Atlanta Fed Bank President Raphael Bostic urged the central bank to be more cautious moving forward.
“Given the very high level of inflation, some might be surprised by my injecting some caution here. But remember this: even firetrucks with sirens blaring slow down at intersections lest they cause further preventable trouble,” Bostic opined in an essay published on the regional central bank’s website.
Due to the growing number of uncertainties, from the military conflict in Eastern Europe to supply constraints, Bostic urged monetary policymakers to “be mindful of those uncertainties and proceed carefully in tightening policy.”
An increasing number of officials are split on the size of rate hikes throughout the rest of 2022. Some want to sustain the 50-basis-point rate hikes, and others assert that the path to a neutral rate should be slowed down to a quarter-point hike.
Cleveland Fed President Loretta Mester has endorsed accelerating rate increases if inflation is coming down in any meaningful way. She told Yahoo Finance at the 2022 Financial Markets Conference that half-point hikes at the next two meetings “makes sense.”
“We have to get inflation under control. And that means moving the interest rate up.
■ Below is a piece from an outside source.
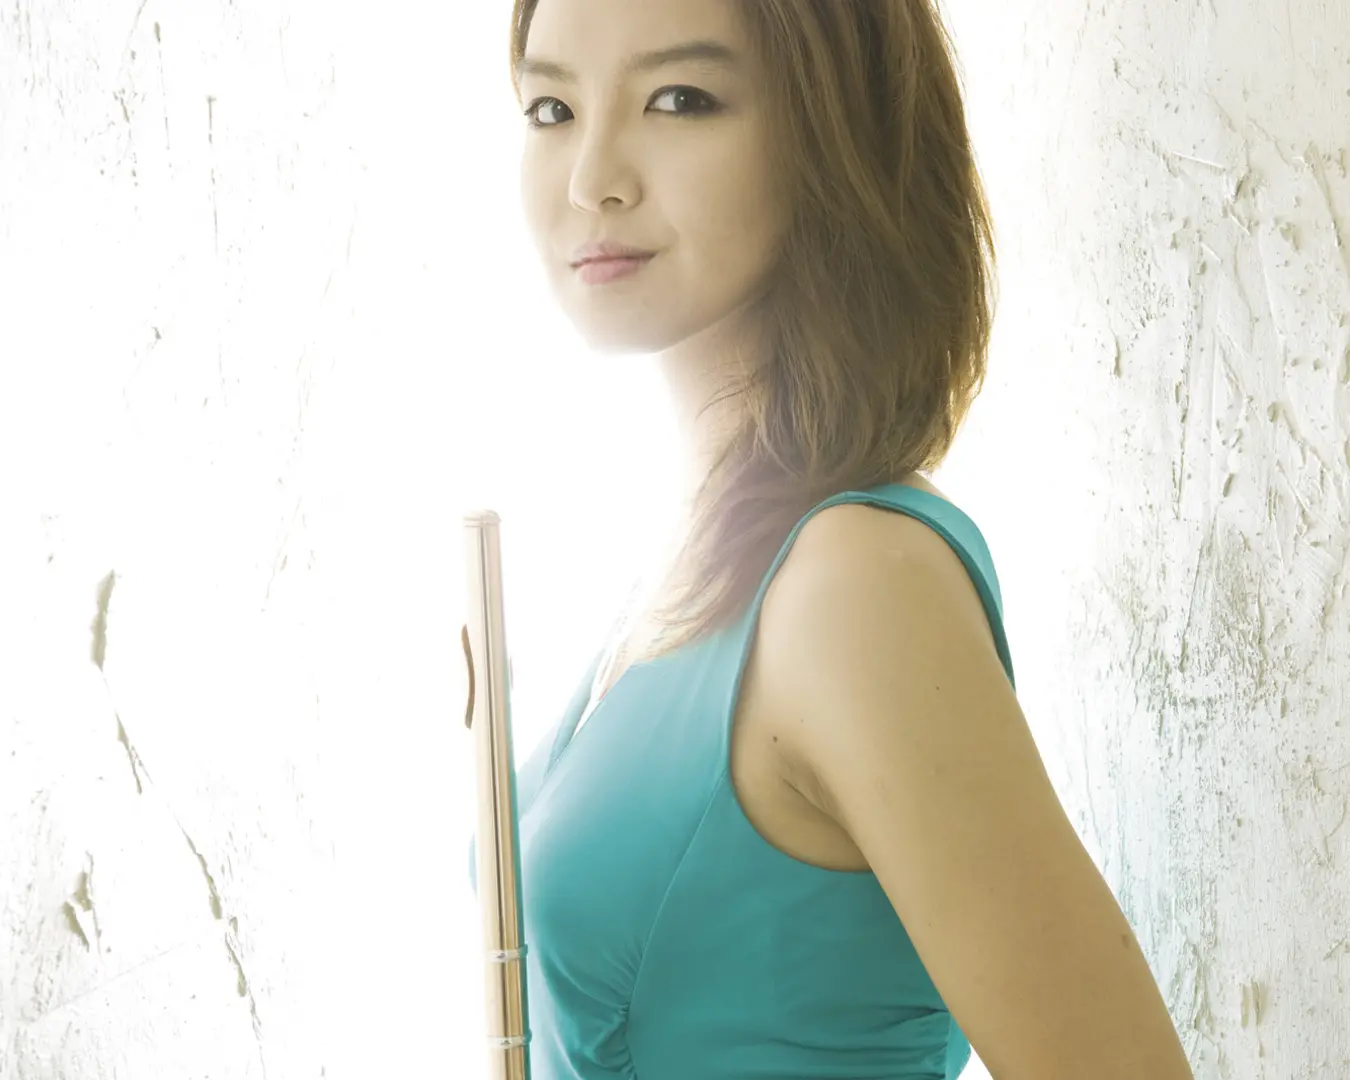 Flutist Jasmine Choi. Photo by Taewook Kang, courtesy of Astral Artists.
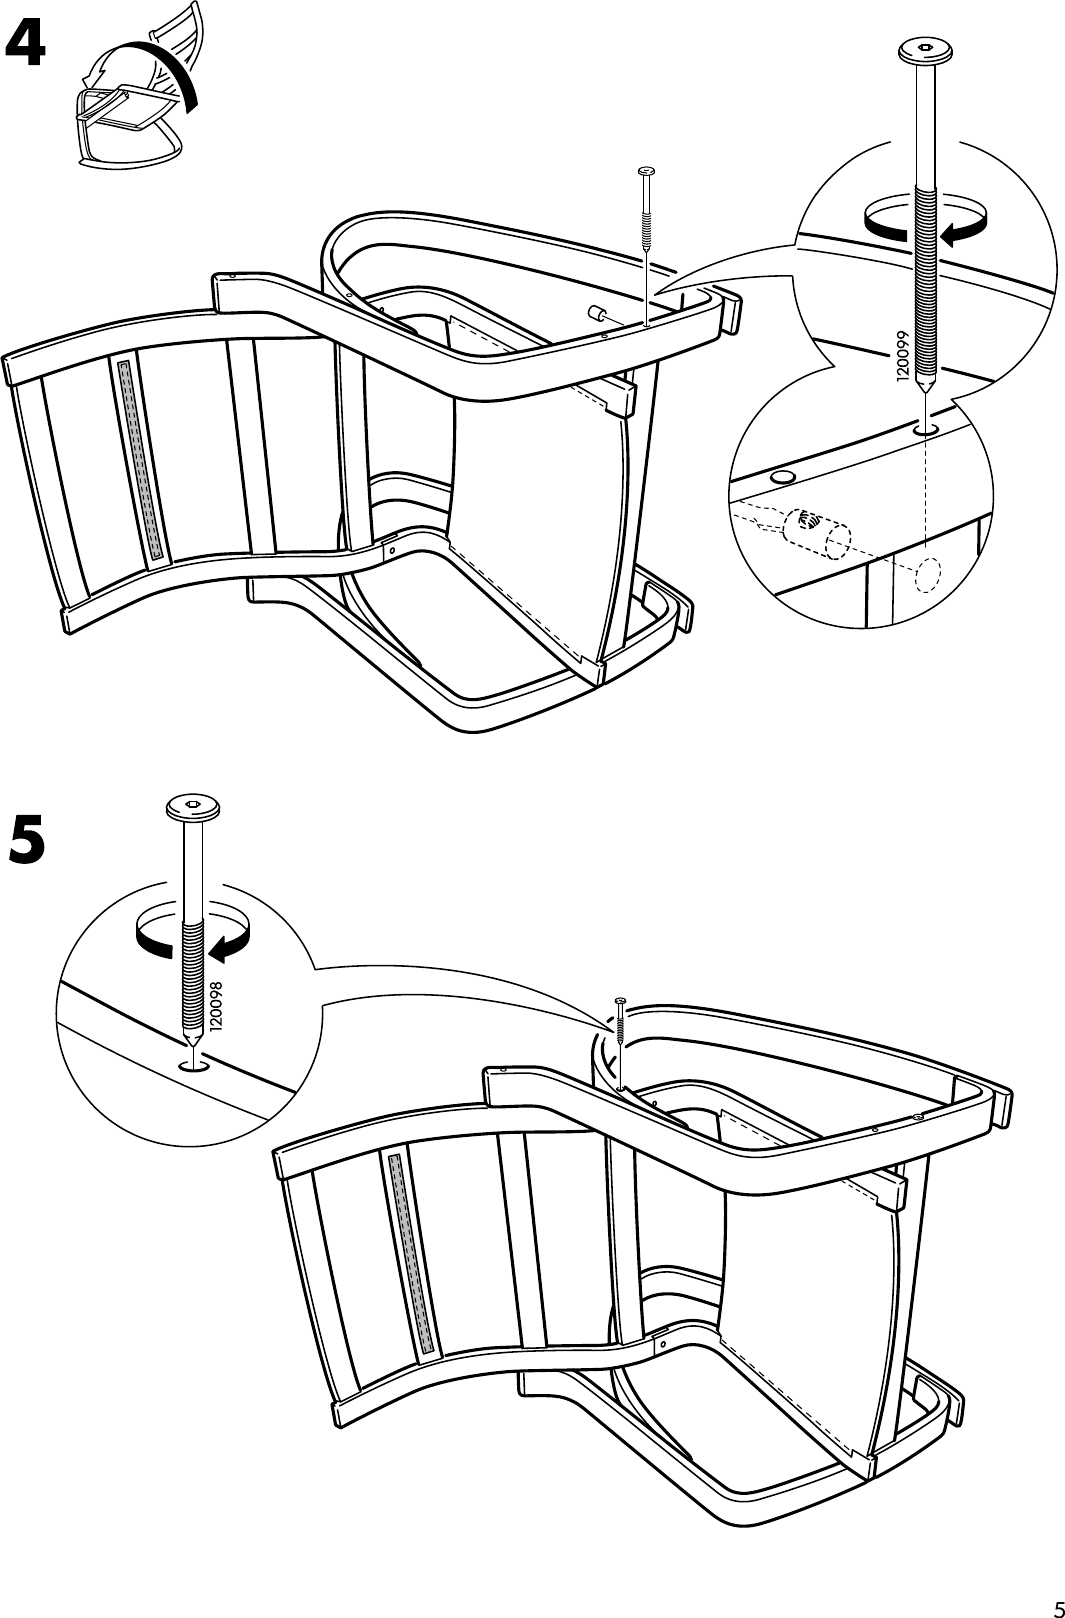 Page 5 of 8 - Ikea Ikea-Poang-Rocking-Chair-Frame-Assembly-Instruction

We have to move it up at a pace that will get that inflation under control,” she said without ruling out a 75-basis-point jump in the benchmark fed funds rate.
Speaking in an interview with Fox Business on Friday, St. Louis Fed Bank President James Bullard reiterated his position that the central bank needs to get to 3.5 percent by the year’s end.
“We have to get inflation under control, and I think we have a good plan to do so,” Bullard said. “Fifty basis points is a good plan for now. As always, we have to pay attention to incoming data on the economy and on inflation. You can never make ironclad promises in this business, but we will see how this goes.”
If the Fed front-loads interest rate increases and inflation is finally brought under control, the FOMC can start trimming the benchmark policy rate again, Bullard added.
In his interview with Fox Business, Bullard noted that a recession would only transpire if “there’s some really large shock,” but he does not see one forming in the near term.
The interest-rate futures market had been penciling in a rate cut in the second half of 2023, suggesting that investors believe the Fed would attempt to respond to economic weakness if it can successfully grapple with inflation.
Despite all of the Fed’s efforts, Doty contends that the central bank will exacerbate the many underlying issues in the post-pandemic U.S. economy, including more shortages and higher prices.
“The Fed will likely get half of its wish and push the country into a recession but without meaningfully eliminating shortages and most likely making them worse,” he stated. “Unless, of course, our bodies no longer need as much nourishment to survive and so forth.”
According to the CME FedWatch Tool, the market is anticipating two more 50-basis-point rate hikes at the June and July FOMC policy meetings. But a growing number of investors forecast that tightening will slow to a quarter-point.